I was wondering if anyone knows a good online Polish conjugator? 

Thanks ahead =)


----------



## .Jordi.

Hello!

I found this page. I don't know whether it's good or not, but it seems to be OK. You may also like to try this one, just write the verb you want to conjugate and you'll see the endings.


----------



## JakubikF

I've looked at two pages (two verbs) from this first site you mentioned and I've found two mistakes... It does not seem to be a good website.


----------



## JakubikF

ściąg naściąg niech ściągz niech naściągzą ściągze naściągz ściągzmy naściągze ściągzcie naściągzmyLook at it! They write that it is imperative form of "ściągać" (still first site). What is that!?


----------



## fragile1

That looks like big humbug. I tried to find any online conjugator, and I have bed news for you - it seems ther no exist any web site like that.
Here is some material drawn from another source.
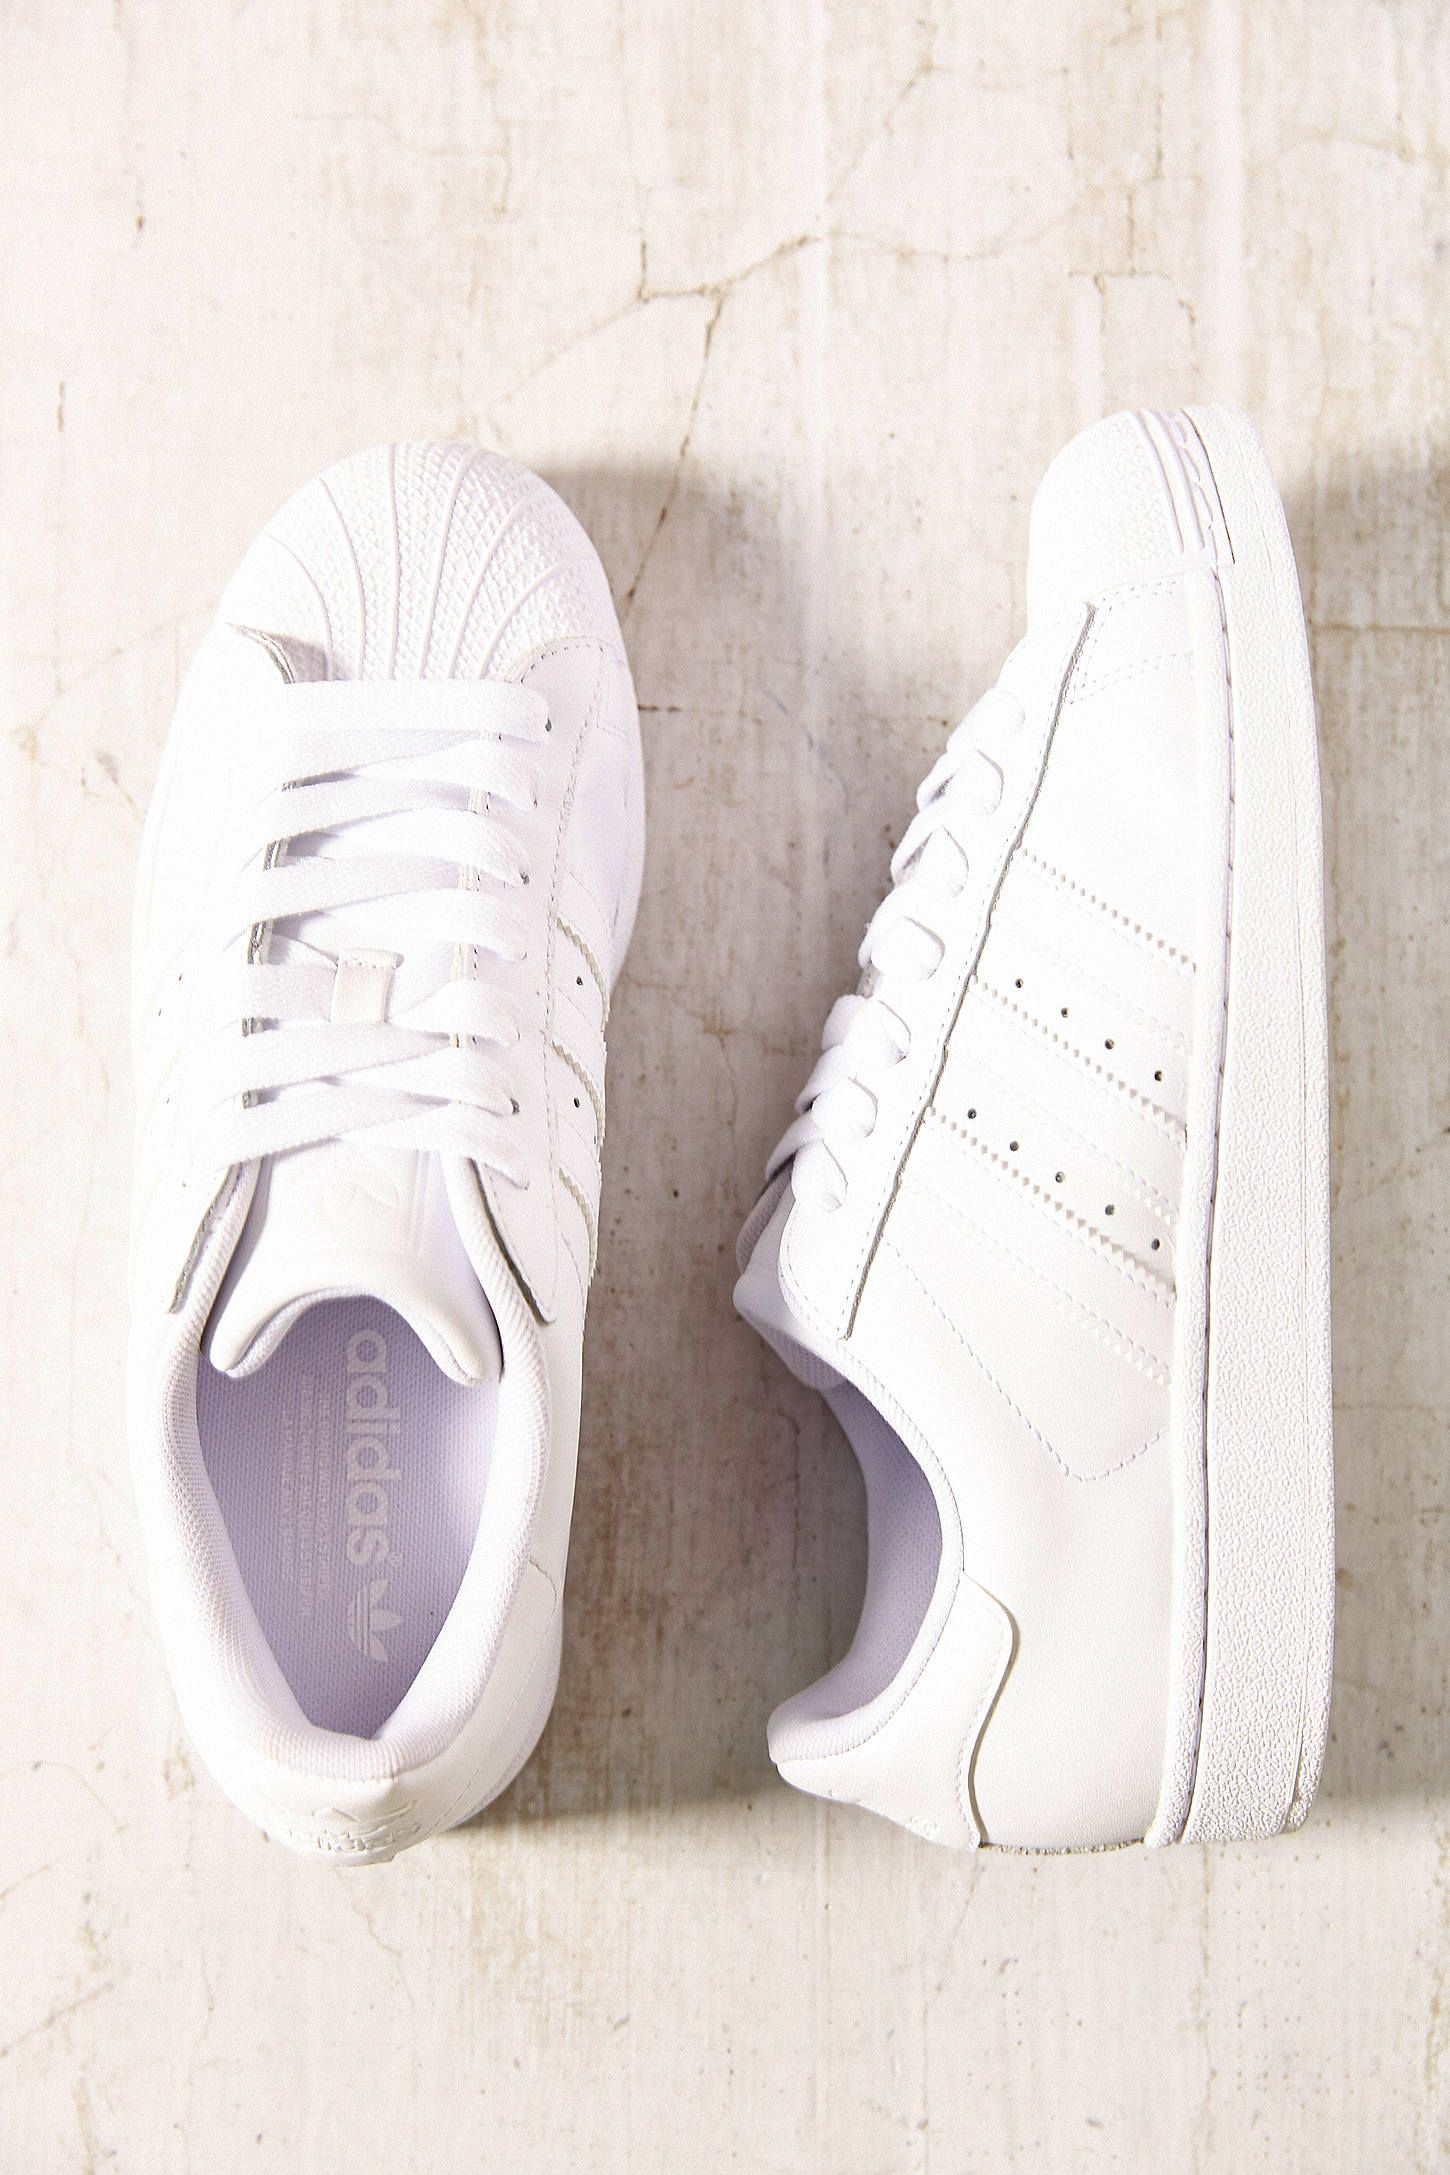 quality design 9e654 535f9 adidas Originals Sneaker 9724 Superstar Sneaker     d797000 -  www.alleinunterhalter.online

I think, that our forum could be the best for conjugation problems


----------



## fragile1

"ściągać" 
As conjugation will be like that:
Czas przeszły:
Ja ściagałem/ -łam My ściągaliśmy
Ty ściągałeś/-łaś Wy ściągaliście
On, ona , ono ściągał/-ała,/-ło Oni, one ściągali/ ściągały 
Czas teraźniejszy:
Ja ściagam My ściągamy 
Ty ściągasz Wy ściągacie
On, ona , ono ściąga Oni ściągają
Czas przyszły:
Ja będę ściągał/-ła My będziemy ściągali
Ty będziesz ściagał/-ła Wy będziecie ściągali 
On, ona , ono będzie ściągał/-a/-o Oni będą ściągali, one będą ściągały


----------



## fragile1

imperative form 
Ja niech ściagam (hard to apply)  My ściągajmy!
Ty ściągaj!                               Wy ściągajcie!
On, ona , ono niech ściąga!         Oni niech ściągają!

Hope it helps to understanding


----------



## mcibor

If ściągaj is imperative form, then what is ściągnij ?
Imperative form finite?


----------



## JakubikF

These are to separate imperative forms: first one from "ściągać"(imperfective aspect), latter one - "ściągnąć" (perfective aspect)


----------